We might rue the day we force our authoritarian allies to democratize, Robert Kaplan argues, once we see who replaces them.

Published November 23, 2001 12:20AM (EST)

Which comes first, democracy or security? Human rights or stability? American foreign policy has always swung between these poles -- and in the post-Sept. 11 world, the perennial debate is heating up once more.

This time around, the question takes a new form: Are U.S. interests, and America's need to combat international terrorism, best served by supporting cooperative authoritarian governments in nations like Egypt, Saudi Arabia and Pakistan -- or by encouraging the evolution of democracy and open societies in the Muslim world?

With the war in Afghanistan edging closer to an American victory, these broad foreign policy questions have crystallized in the work of two writers, New York Times columnist Thomas L. Friedman and author and Atlantic correspondent Robert Kaplan.

Friedman has repeatedly argued since Sept. 11 that the way to quell anti-Americanism in the Arab and Muslim world is to promote democratic reform there. The authoritarian governments we are allied with, he argues, need to open their societies and end their tacit endorsement of anti-American radical fundamentalism. U.S. foreign policy can't ignore school curriculums that teach "death to the infidels," he argued in an October column. As he said in a brief telephone interview, "You cannot have a modernization of religion outside the context of a democratic society."

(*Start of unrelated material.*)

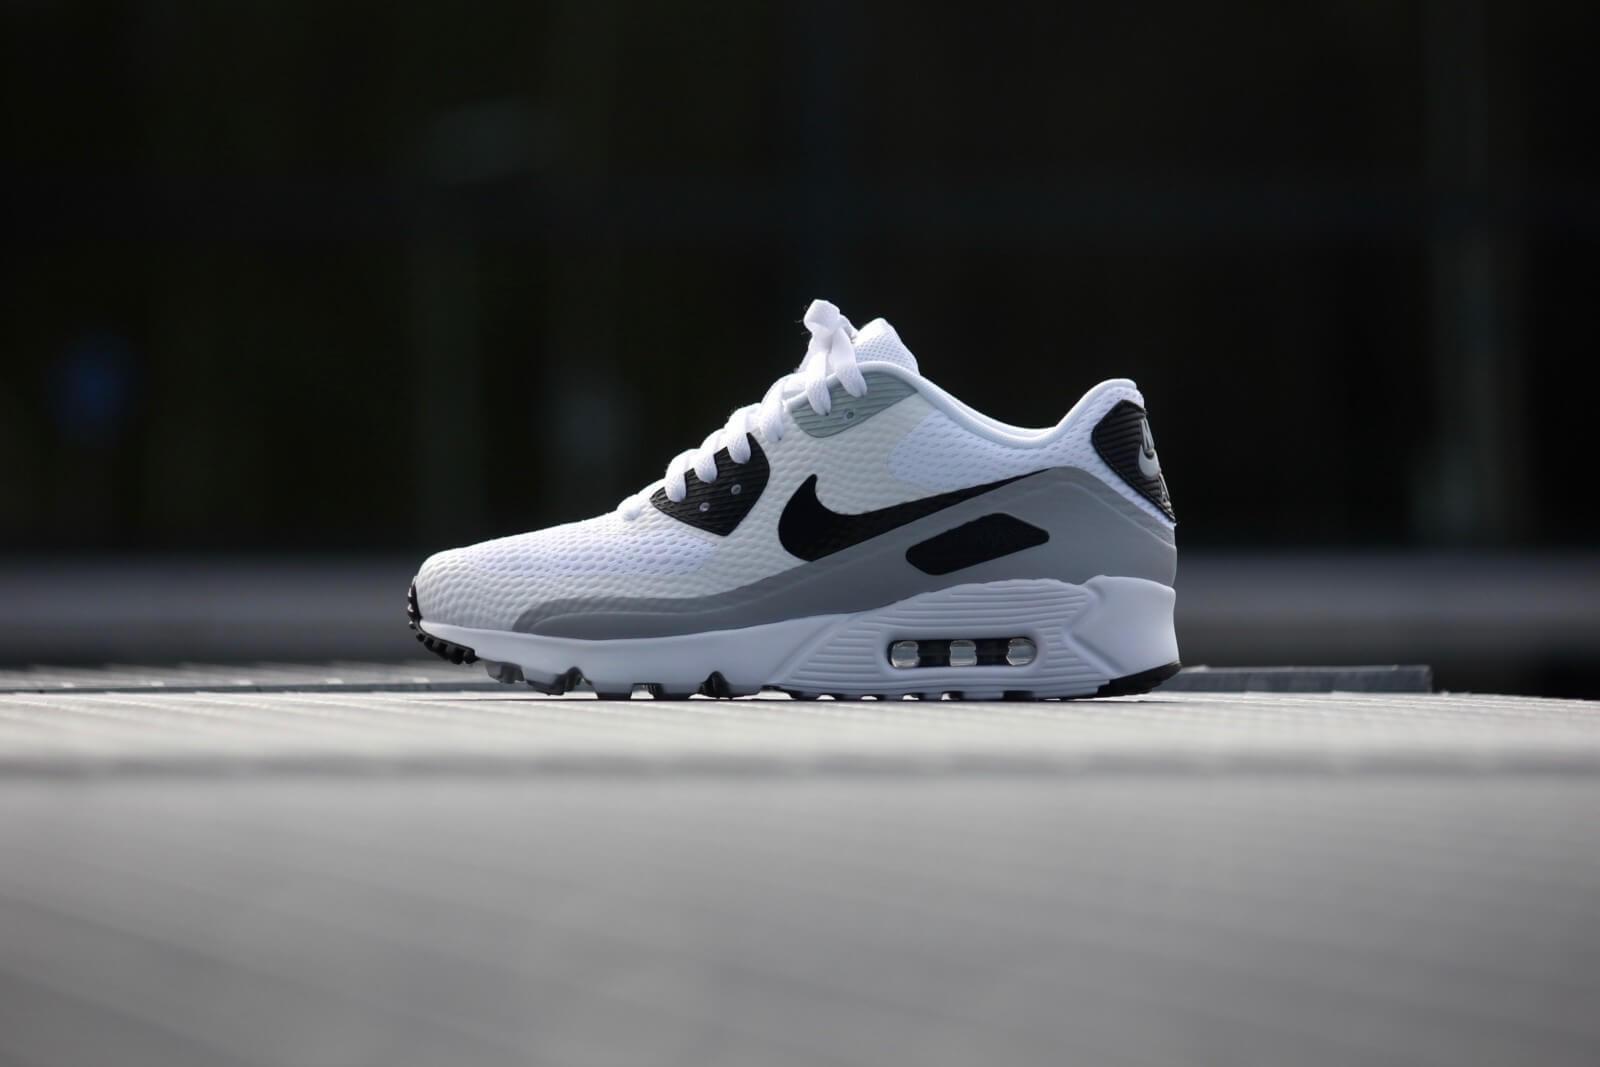 Nike Air max 90 Ultra Essential White/black-wolf grey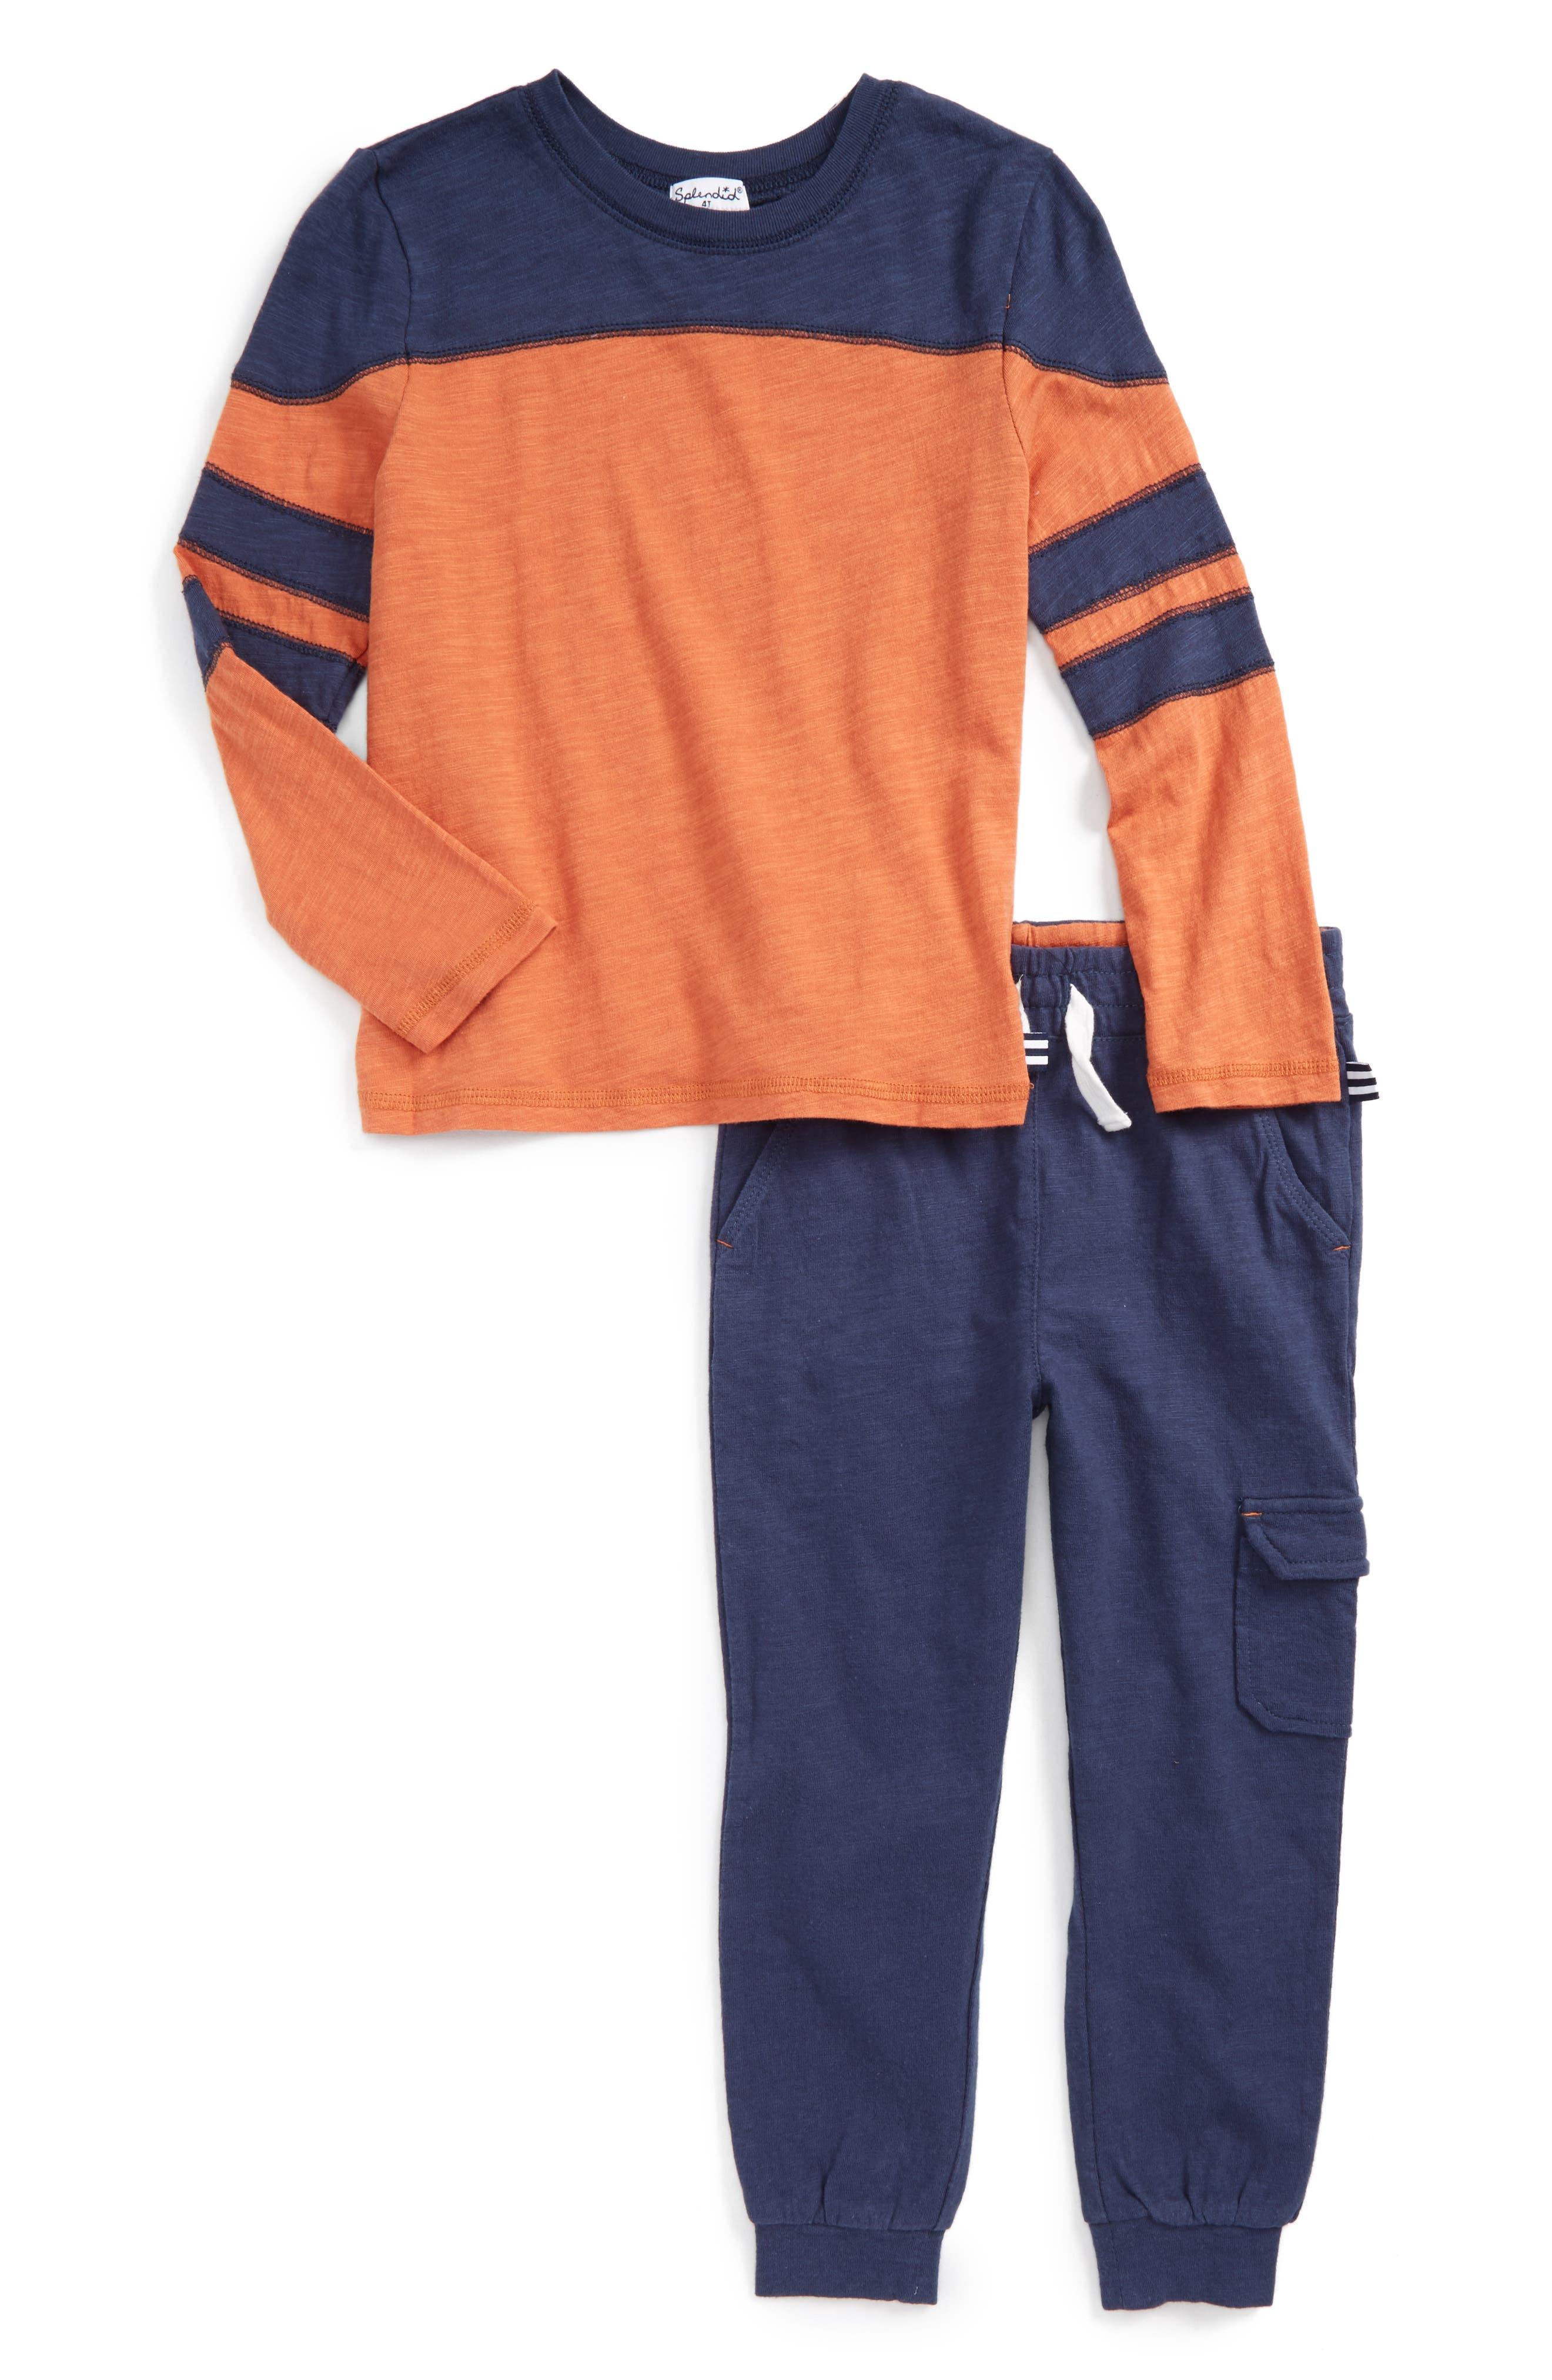 Main Image - Splendid Long Sleeve T-Shirt & Jogger Pants (Toddler Boys & Little Boys)

Kaplan, the author of seven books, including "Balkan Ghosts," has staked out a position that's considerably more cautious. Drawing on his own reporting and the ideas of scholars like Samuel Huntington, he espouses a skeptical approach: If the U.S. destabilizes its current allies, he says, the alternatives will most likely be far more hostile and dangerous to our interests.

Salon asked Kaplan for his thoughts on Friedman's stance and on the future of American foreign policy.

Friedman's Nov. 20 column points out that India and Bangladesh have large Muslim populations, but because their democracies allow for dissent, militant Anti-Americanism is not widespread. Is he right -- can spreading democracy help us achieve our foreign policy goals?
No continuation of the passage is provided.